* **Task description**
All of the data below must be reproduced word for word, but without its images.

* **Data extract**
..............................
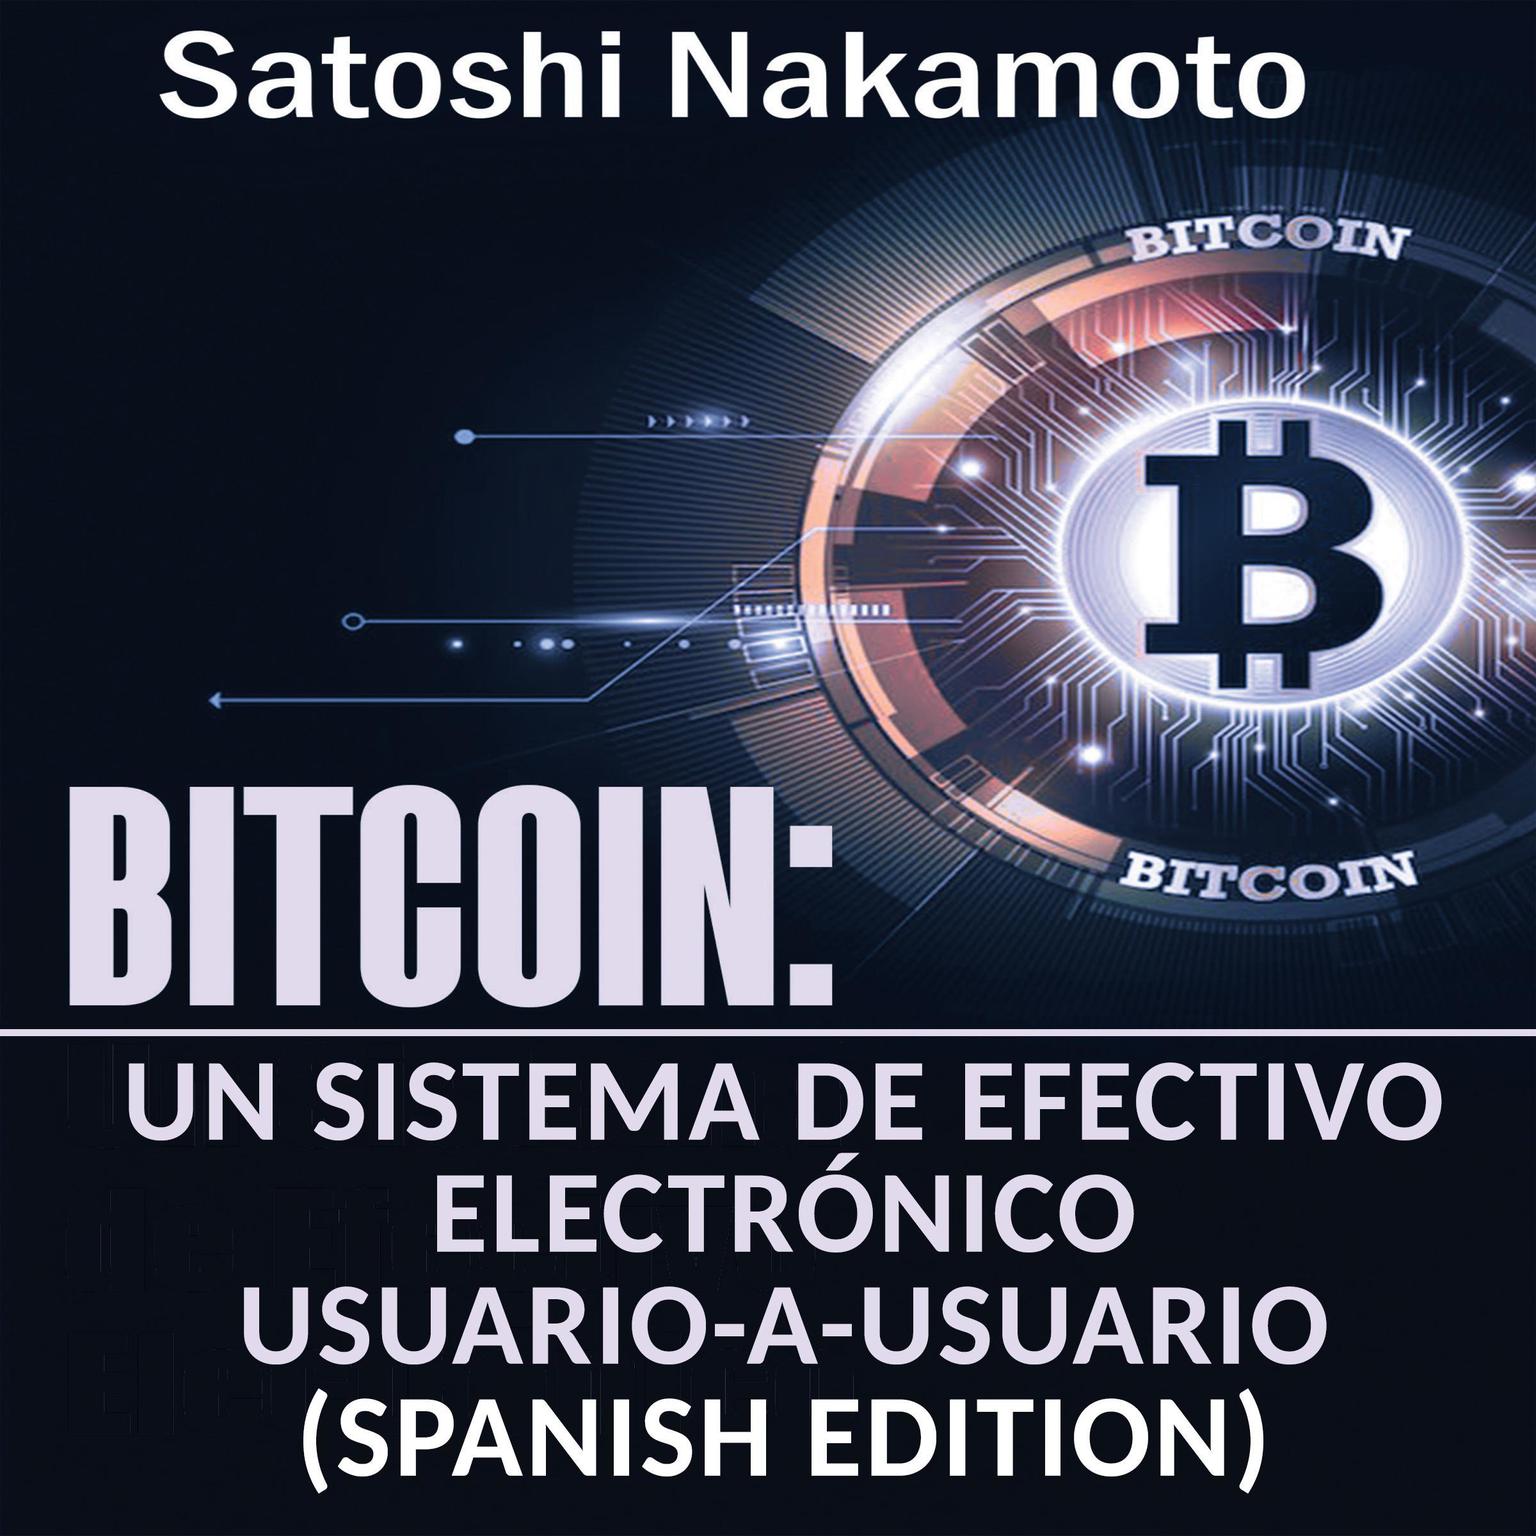 Bitcoin: Un Sistema de Efectivo Electrónico Usuario-a-Usuario [Bitcoin: A User-to-User Electronic Cash System] Audiobook, by Satoshi Nakamoto
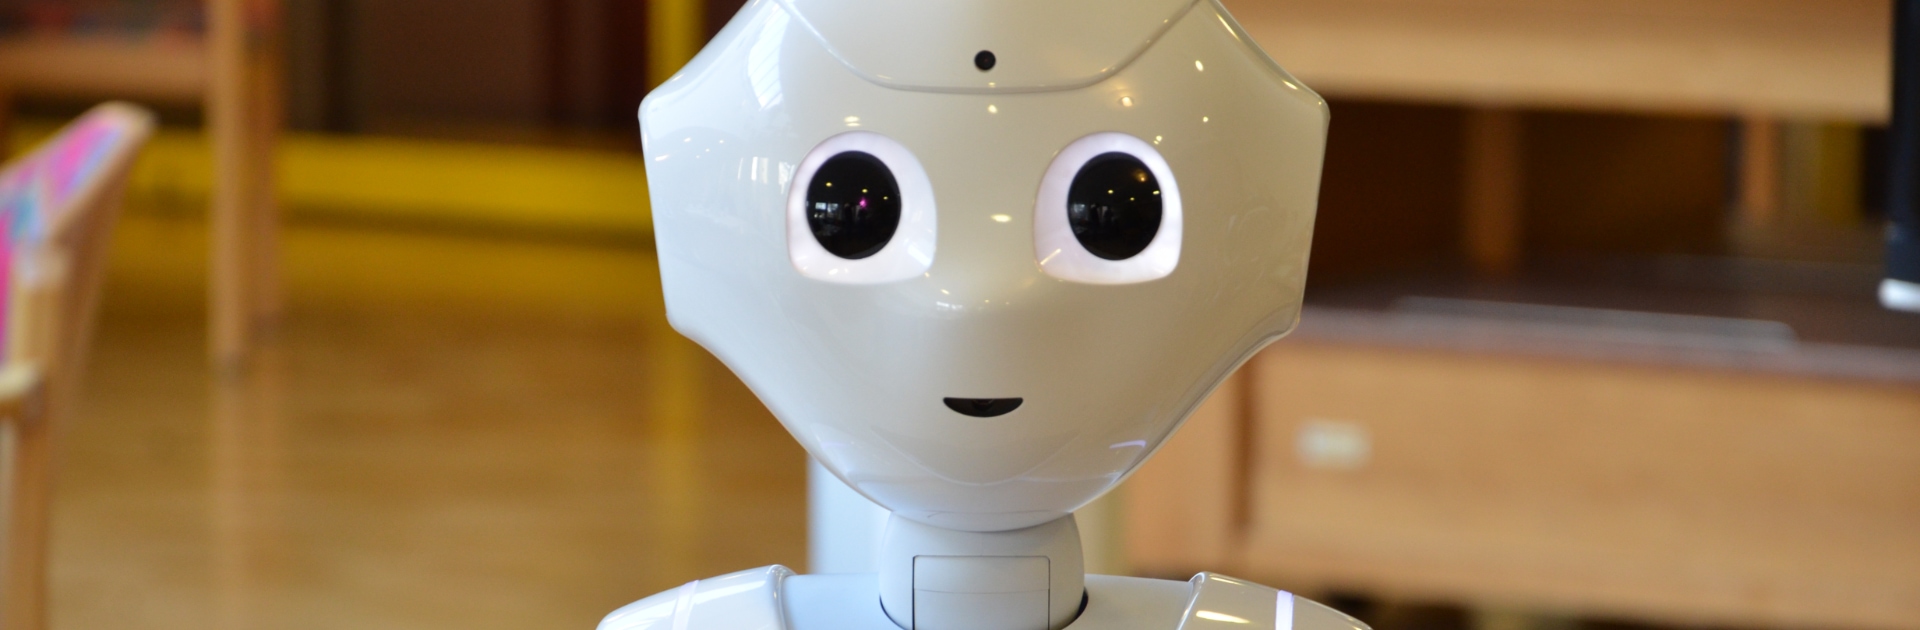 Roboter Pepper hat menschliche Gesichtszüge und Körperform
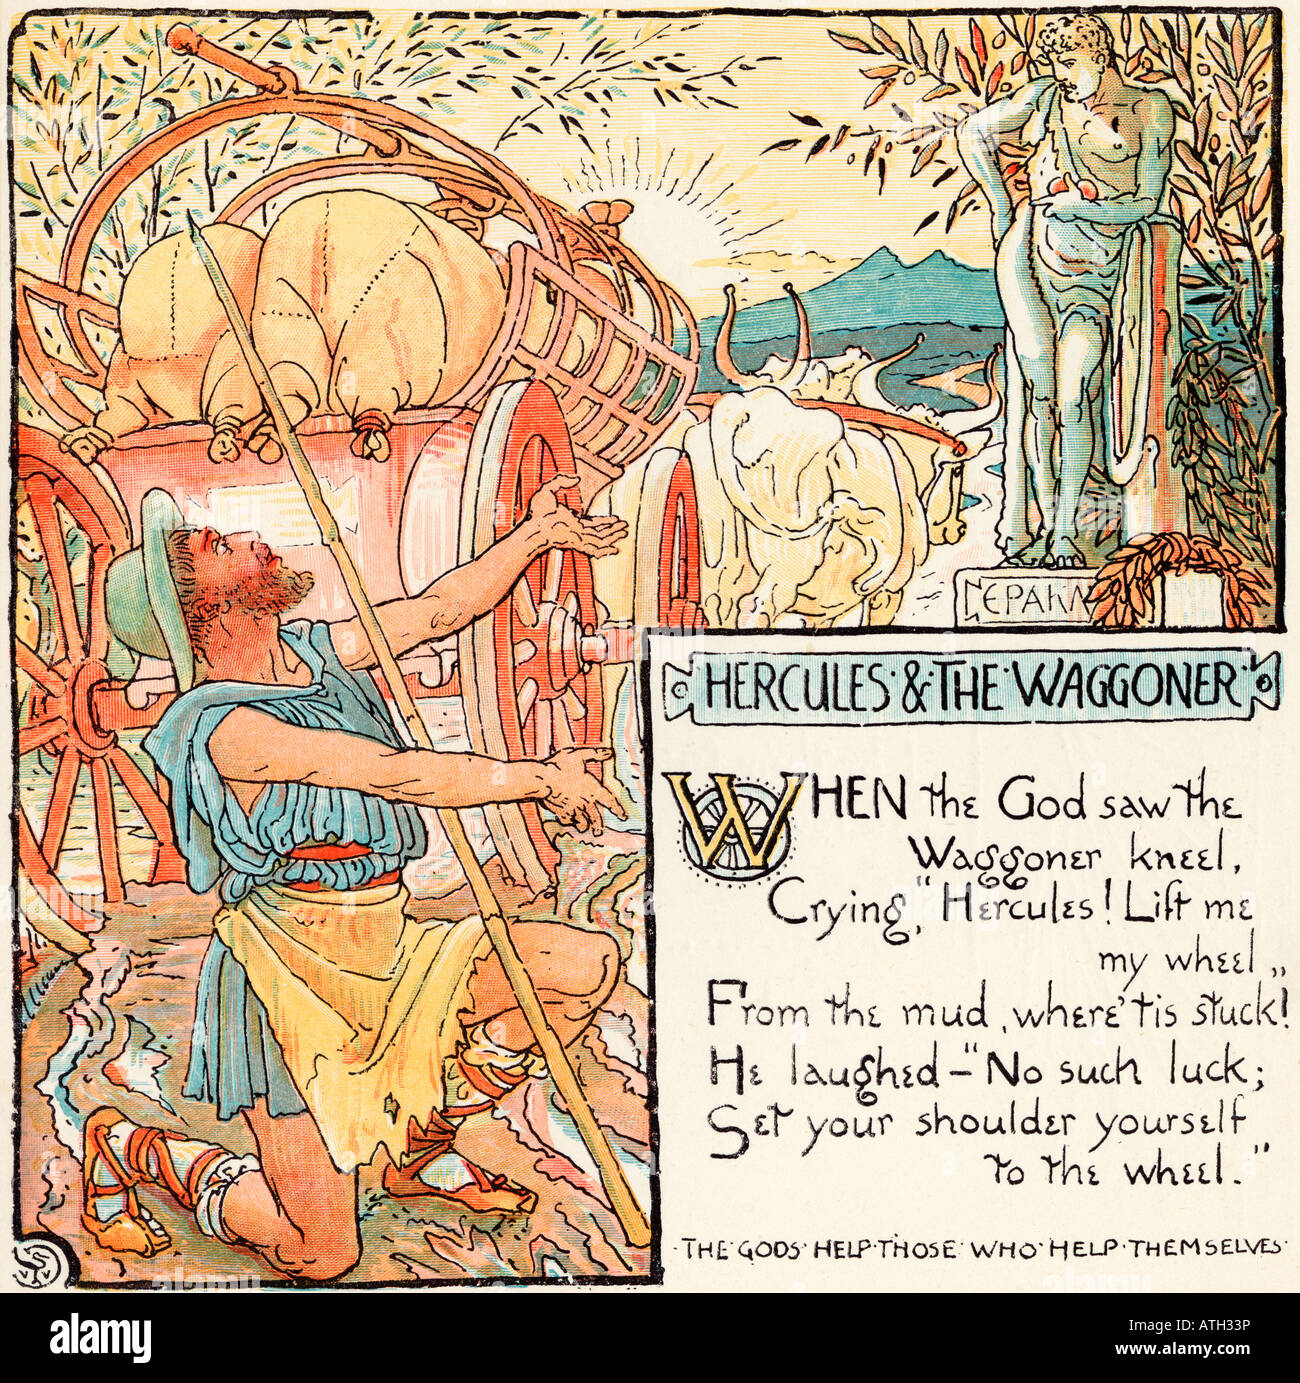 Herkules und der Wagoner. Aus dem Buch The Baby's Own Aesop von Walter Crane, erschienen um 1920. Stockfoto
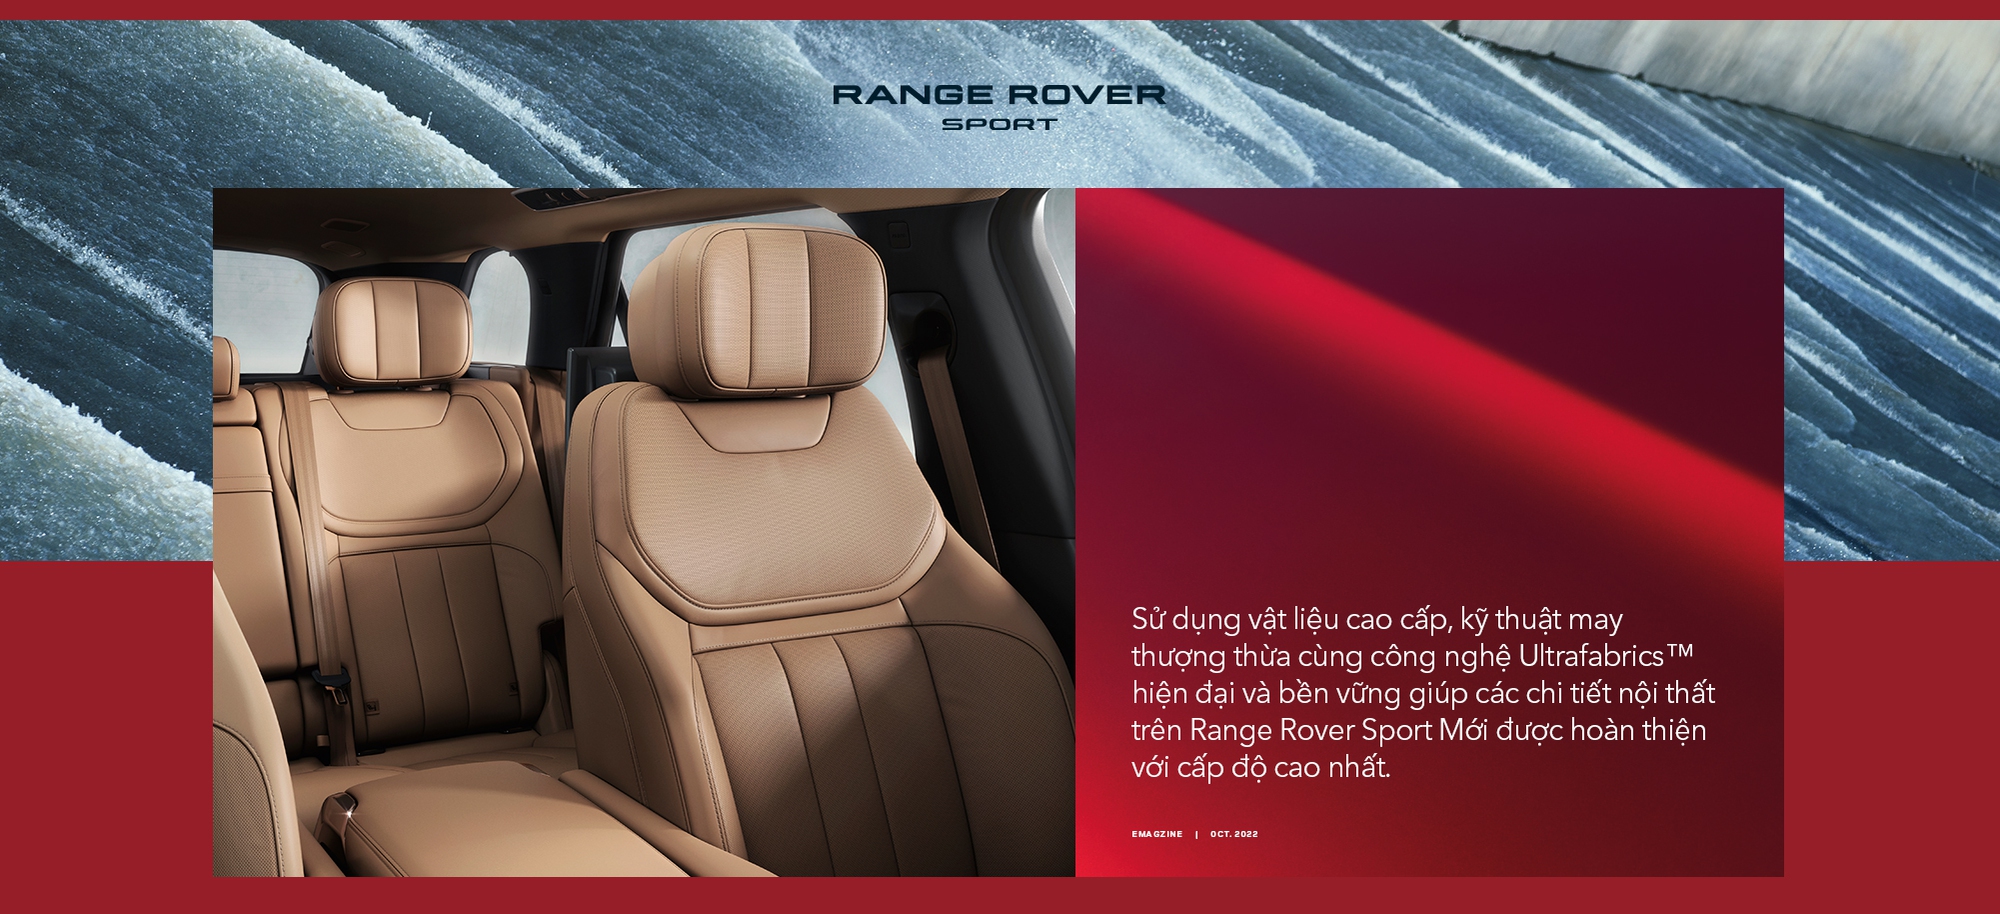 Range Rover Sport Mới - Tái định nghĩa SUV thể thao hạng sang - Ảnh 6.
..............................
* **Written answer**
 Bitcoin: Un Sistema de Efectivo Electrónico Usuario-a-Usuario [Bitcoin: A User-to-User Electronic Cash System] Audiobook, by Satoshi Nakamoto
 Roboter Pepper hat menschliche Gesichtszüge und Körperform
 Herkules und der Wagoner. Aus dem Buch The Baby's Own Aesop von Walter Crane, erschienen um 1920. Stockfoto
 Range Rover Sport Mới - Tái định nghĩa SUV thể thao hạng sang - Ảnh 6.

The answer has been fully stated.